Oleg froze with his mug halfway to his mouth, his face showing extreme confusion. Artem slowly placed his own mug on the table. There was neither surprise nor anger on his face. Only deep, deadly exhaustion. He knew this was not the end. This was the final act.
“Oleg, excuse me for a moment,” he said quietly to his friend and stood. He did not argue or defend himself. He simply took his mother by the elbow and led her to a far, empty corner of the bar, away from other people’s ears. Her arm in his hand was stiff and cold as stone.
“What do you want, Mom?” he asked when they stopped by the wall.
“What do I want?” She pulled her arm free. “I want my son! The one I raised! Smart, strong, loving… not this scarecrow you’ve become! A puppet in the hands of a flighty little woman! Do you even understand what she’s doing to you? She took you away from me!”
Her voice began gaining force, but Artem looked at her as if she were made of glass. He saw right through her, and what he saw no longer stirred any feeling in him.
“No one took me away from you,” he answered evenly. “I left on my own.”
“Left? Where did you leave? You betrayed everything we had! I gave you all of myself! Do you remember how I sat with you at night over your drawings at university? How I put aside my last money to buy you a good suit for your thesis defense? I always knew what was best for you!”
He listened to her, and for the first time in his life her words did not awaken even a drop of guilt in him. He looked at this woman who had built her life on the foundation of his gratitude and understood that this foundation had been a lie.
“You did not sit with me over my drawings, Mom. You stood over my soul because you could not tolerate my mistakes and wanted to control everything. You bought me a suit not because it was your last money, but because you could not allow your friend’s son to look better than yours.
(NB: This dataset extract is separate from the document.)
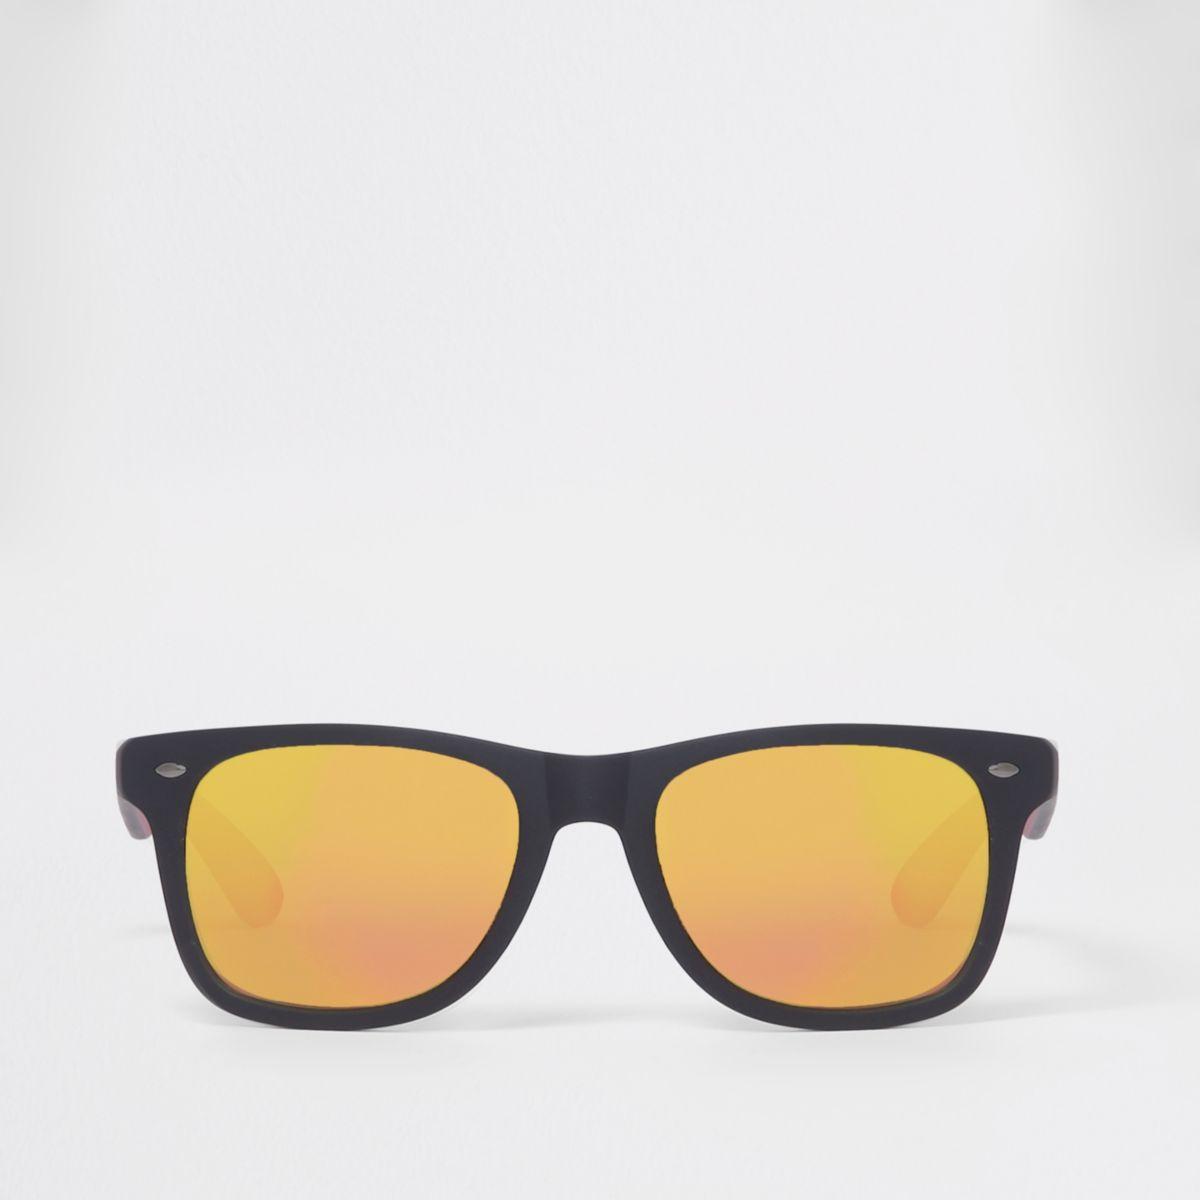 Black rubber red mirror lens retro sunglasses

You never knew what was best for me. You knew what was best for you. So that I would be convenient, predictable, yours.”
Each of his words was quiet, but it struck her like a hammer. She looked at him, and her face slowly changed. The mask of righteous anger slipped from it, exposing confusion and fear. She tried to find something familiar in his eyes — hurt, anger, love, hatred. But there was only emptiness there. Icy, detached indifference.
“You don’t know me, Mom. And you never did,” he took a step back, increasing the distance between them, severing the last invisible thread. “The Artem you supposedly lost is your invention. A convenient boy who was supposed to live according to your script. And I’m tired of playing that role. I am no longer him. I never was.”
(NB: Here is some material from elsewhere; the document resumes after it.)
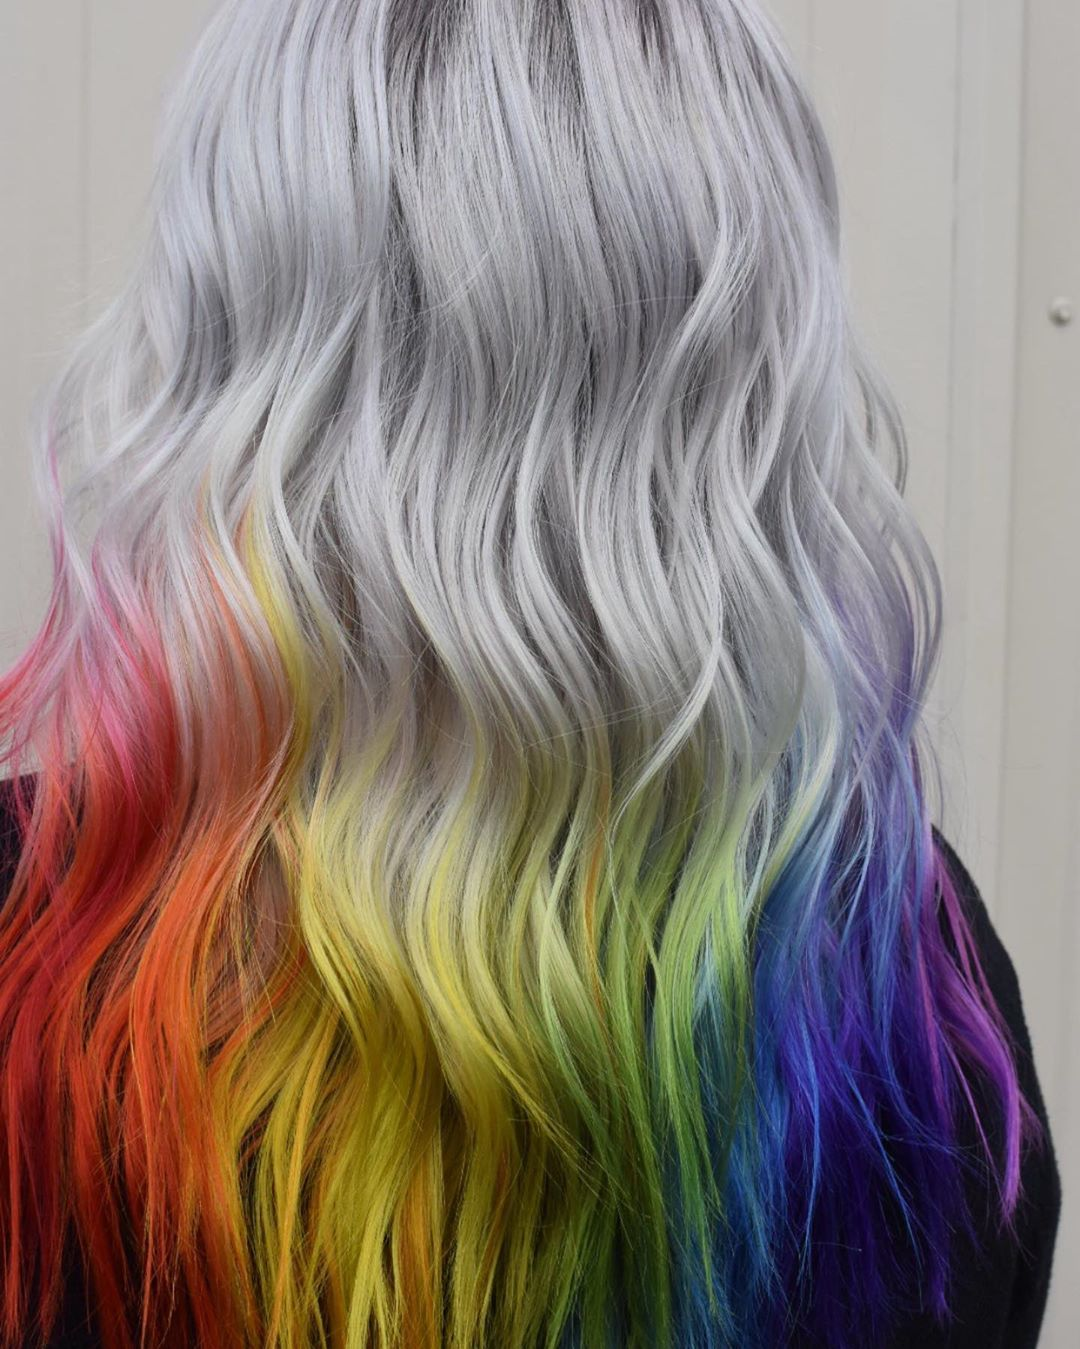 Femme aux cheveux argentés glacés avec des pointes arc-en-ciel

She opened her mouth to say something, but no sound came out. He had destroyed her world. Not with shouting, not with a scandal, but with quiet, cruel truth. He had devalued her entire life, all her sacrifices, all her love, showing her that all of it had merely been a form of selfishness.
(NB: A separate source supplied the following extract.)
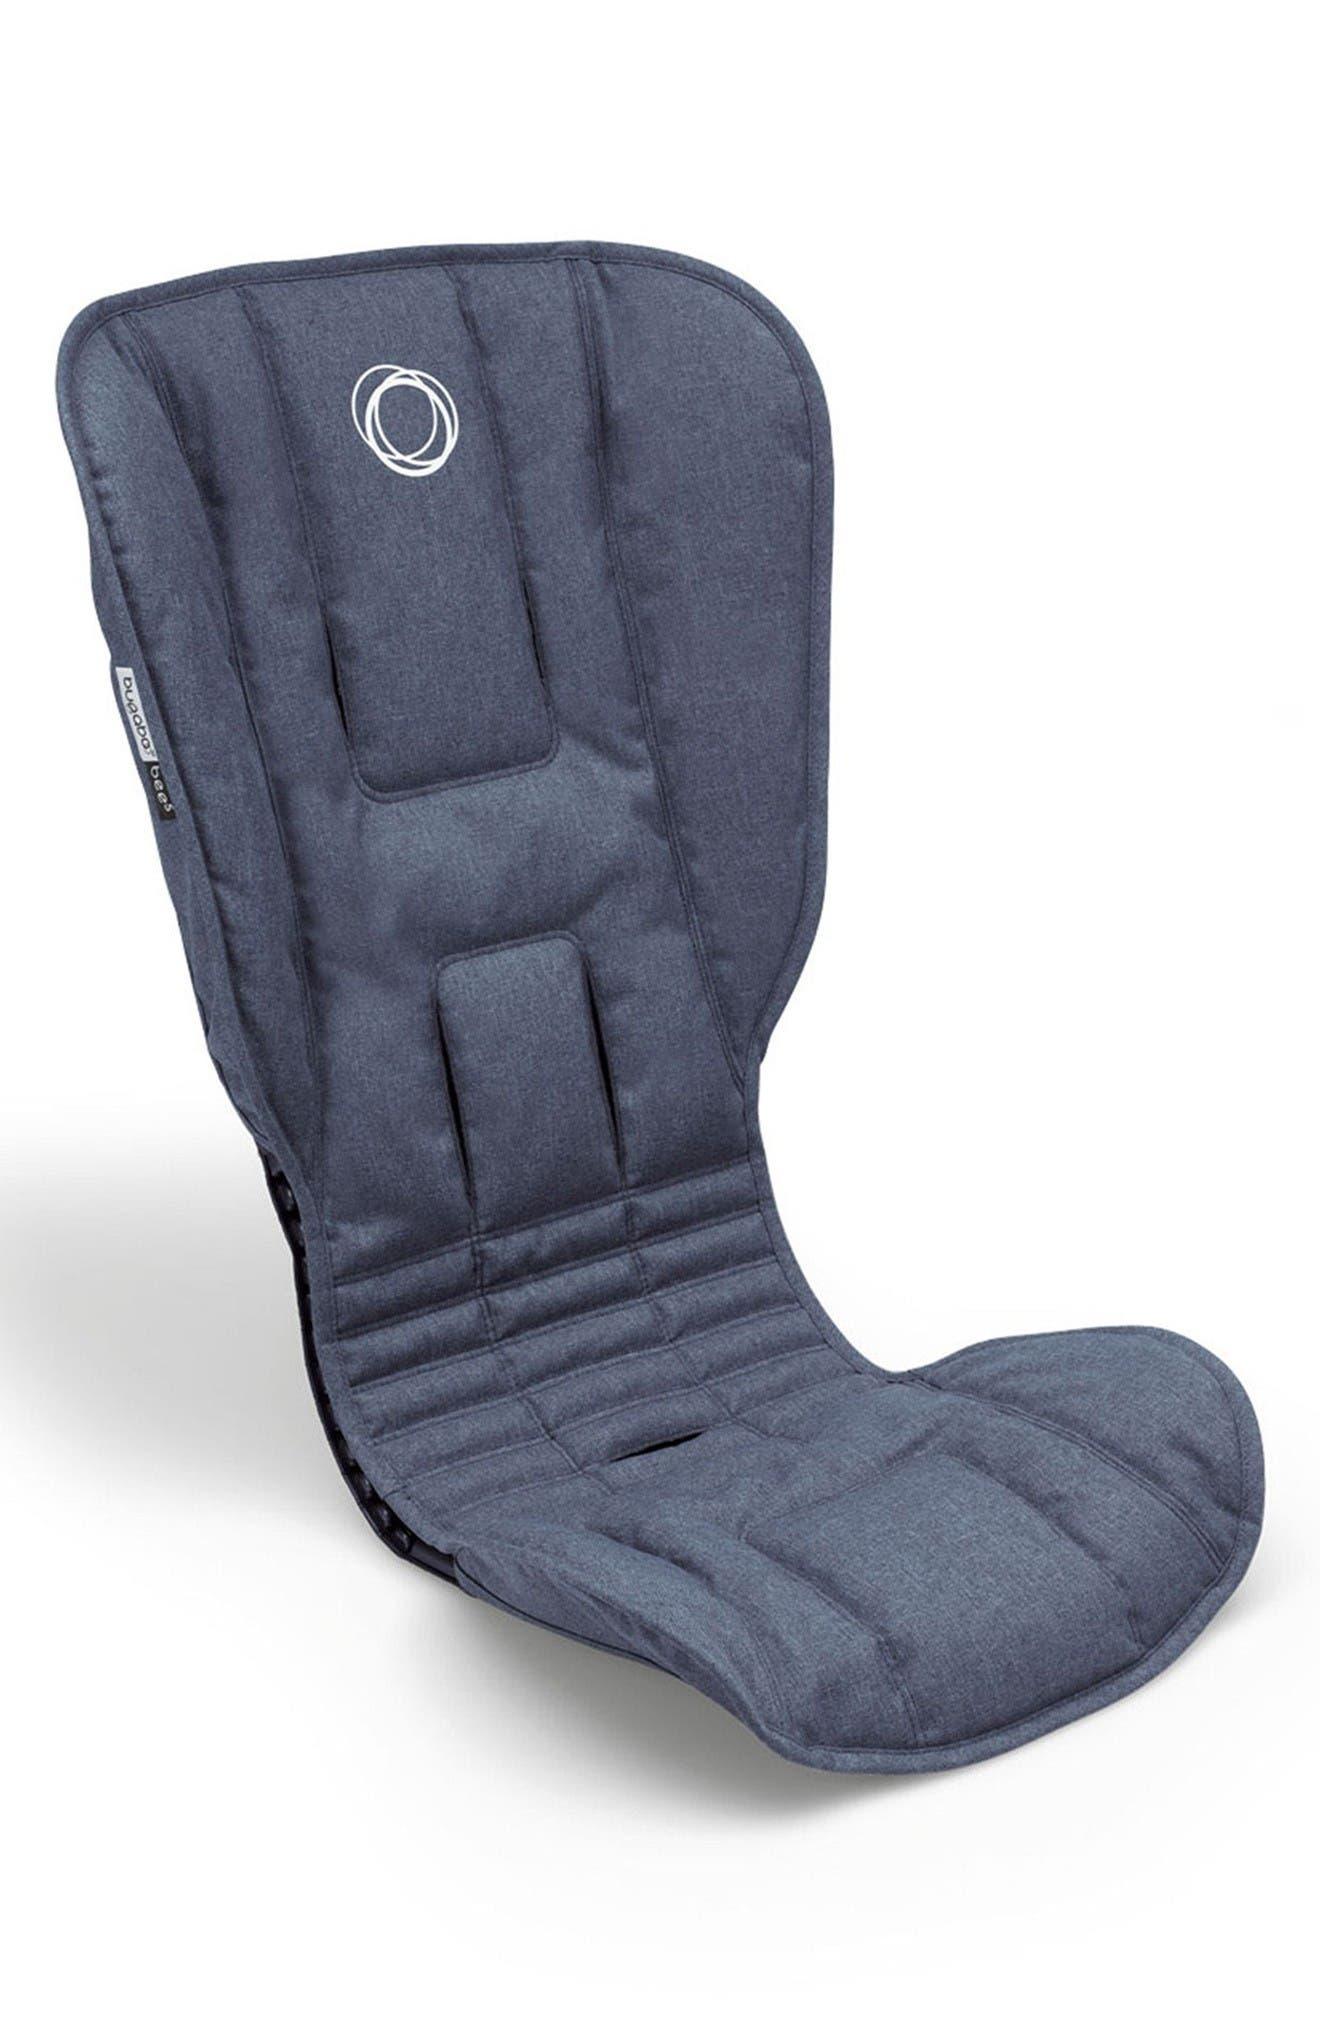 Bugaboo Bee5 Stroller Seat Fabric

Artem looked at her one last time — at this suddenly aged, shrunken woman who had become completely alien to him. Then he silently turned around and went back to his table. He sat down, picked up his mug of beer, and took a large sip. Oleg remained silent, not daring to ask anything. And Nina Petrovna stayed standing in the corner of the bar, alone, in the middle of other people’s merriment, crushed not by his anger, but by his final, irrevocable freedom from her.